My week in the ‘phony’ Spin Cycle

By BRAD WARTHEN
EDITORIAL PAGE EDITOR
HAD  YOU asked me on Monday what I would be writing about for Sunday, a second column dealing — even peripherally — with presidential wannabe John Edwards would have been the last thing I would have guessed.
    Yet here I am. What choice do I have? I’ve spent so much time this past week dealing with the reaction from the first one that I haven’t had time to develop anything on another topic.
    It was just a midweek column, not worthy of a Sunday slot, a back-burner thing I had promised to address several months earlier on my blog, after readers challenged me for calling the man a “phony” without explaining the series of experiences that had led to that impression — which is all it was.
    (And in case you didn’t read that column and are wondering what those experiences were, I have neither the space nor inclination to repeat them here. They took up a whole column the first time. You can find it on my blog. The address is below.)
    But without ever intending or wanting to, I got caught up in the Spin Cycle of national politics. My musings had become, for that brief moment, Topic A — or at least B or C or D — and believe me: You don’t even want to be Topic Z in that alphabet.
    Subsequent events didn’t follow each other in any way that made sense, so I’ll just throw them out in no particular order:

  • The Drudge Report picked up my column Tuesday morning, which launched the craziness as much as any one thing.
  • The New York Post called asking to reprint it, which it did the following day under the headline, “POOR LITTLE PHONY: JOHN EDWARDS’ FAKE EMPATHY.”
  • Pmgift
    Dennis Miller of “Saturday Night Live” fame interviewed me on his radio show Thursday.
  • I got mocked by the “Wonkette”: “Brad Warthen of the South Carolina’s The State has a controversial opinion about John Edwards! His controversial opinion, which he, Brad Warthen, thought of himself, and which he is going to share… with you now, is as follows: John Edwards is a phony! A big fat phony!”
  • After two more radio shows called — one from Charlotte (for Thursday), another from Canada (for today), I called Andy Gobeil so that S.C. ETV wouldn’t miss out, and he had me on his show Friday morning.
  • My column was the lead political story on the Fox News network Tuesday night. Or rather, the response the Edwards campaign felt compelled to produce — and I do feel sorry for them for that — was the lead story. The story posted online began: “John Edwards’ campaign scoffed Tuesday at a new effort to depict the Democratic presidential candidate as phony after an influential columnist for a newspaper in Edwards’ birth state wrote that his personal experiences only reinforce his image of Edwards as plastic.”
  • My blog had its third-biggest day ever Tuesday with 5,825 page views, and its fourth-biggest on Wednesday. The biggest ever had been in June, when state Treasurer Thomas Ravenel was indicted.
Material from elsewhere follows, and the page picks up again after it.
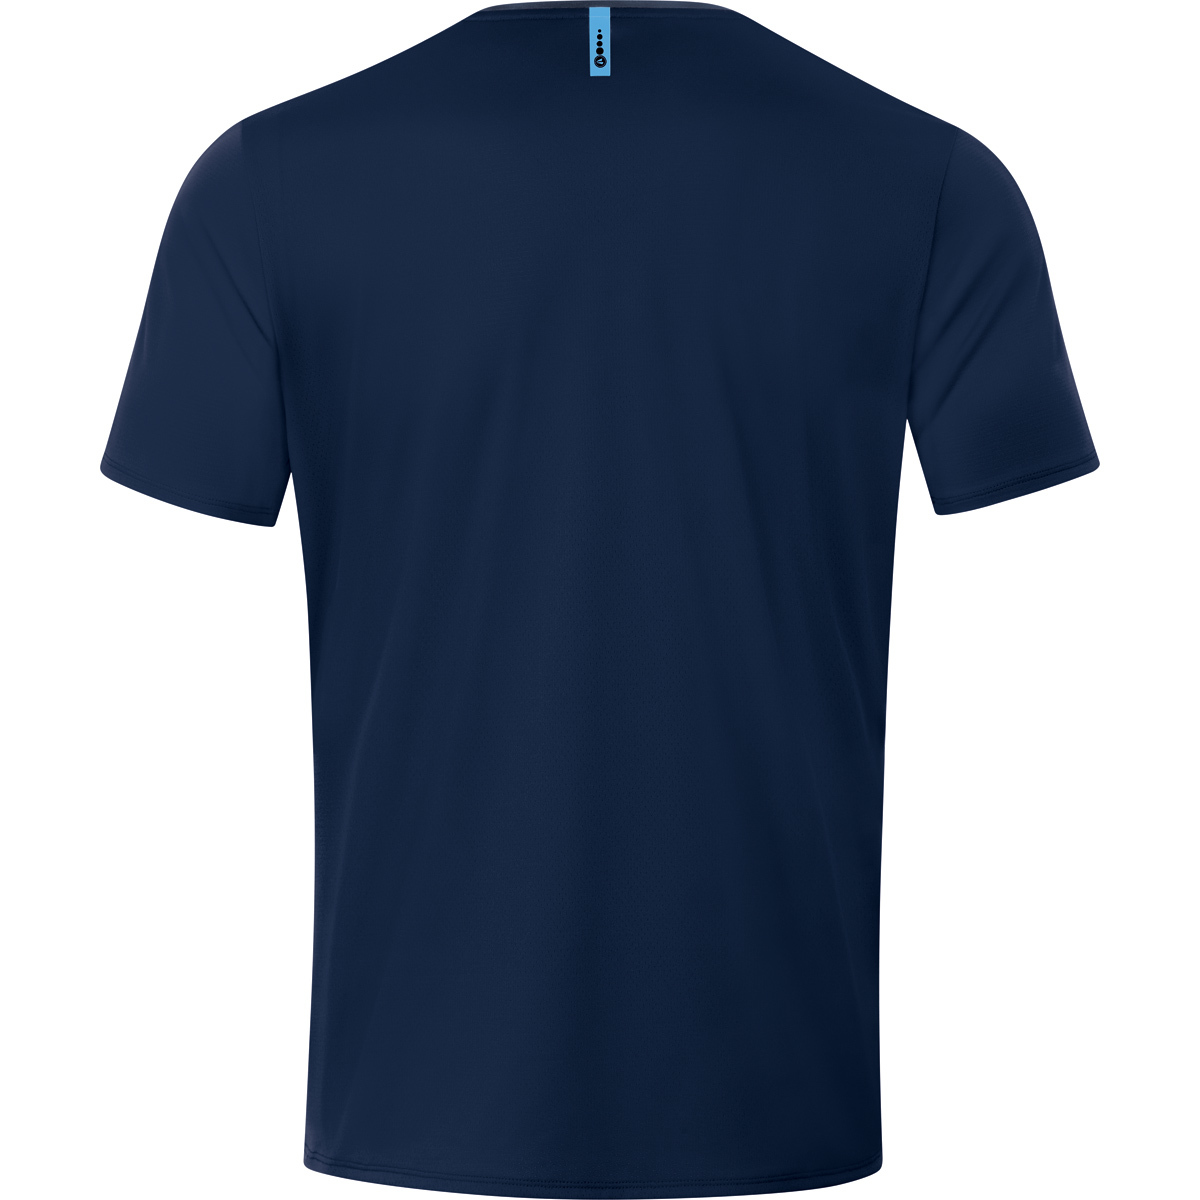 T-Shirt 6120 Gr. Champ Kinder, JAKO marine/darkblue/skyblue, 2.0 116,

That made sense. This did not.
  • ABC News National Senior Correspondent Jake Tapper wrote on his blog about my “rather nasty op-ed” in these terms: “I personally find the evidence rather thin for such a scathing verbal attack.” Hey, if I had meant to mount a “scathing verbal attack,” I would have come up with some thicker stuff.
  • Someone named Pamela Leavey, writing on “The Democratic Daily,” said I was “Spewing Right-Wing Talking Points About John Edwards,” and thereby providing “a classic example of what’s wrong with our media.”

Obama_detail
    I guess I had been spewing “Left-Wing Talking Points” when I said nice things about Barack Obama the week before. Of course, Ms. Leavey wouldn’t know about that, because she had probably never heard of me before Tuesday. That was true of most of the people commenting.
    And yet, they seemed to think they knew an awful lot about me. Their confidence in passing judgment was far greater than my own. All I had done was describe impressions I had formed from actual experiences in my life. I didn’t consider them any better than anyone else’s experiences. When Zeke Stokes wrote in saying that when he worked on the Edwards campaign earlier this year he had formed a very different impression, I urged readers to take what he said every bit as seriously as what I had said.
    But folks out in the blogosphere or in the 24/7 political spin cycle don’t have time for reflections upon personal experience. They have a convenient short-hand vocabulary for passing judgment instantly upon anything and everything, and all of it is based in childishly simplistic, partisan labels: “He’s one of them! I don’t like them!” or “He’s one of us! Everything he says is true!”
    Among the more than 1,500 unread e-mails awaiting me Tuesday morning were quite a few from across the country praising or damning me for having expressed my opinion. Many were as shallow as Ms. Leavey’s “reflections.”
    But here and there were messages from someone who got the point, which was this: We all form subjective impressions, often unconsciously. In my column I tried to determine exactly when and where I had picked up the bits that formed my overall impression of this one guy among many running for president. I thought that such an airing would be mildly interesting to readers, who often wonder what sorts of gut “biases” inform what we write in the paper, and where they come from.
    A few readers appreciated that, saying that there had been something about Edwards that had nagged at them, and my column had helped them define it: “You hit something in me that I had not been able to figure out,” wrote Glenice Pearson. “Thanks for explaining what was wrong with him,” wrote Nancy Padgett. “I couldn’t figure out why I couldn’t enthuse even though he is a SC boy.”
    In turn, I appreciate those few readers who got it. The rest of it I could have done without.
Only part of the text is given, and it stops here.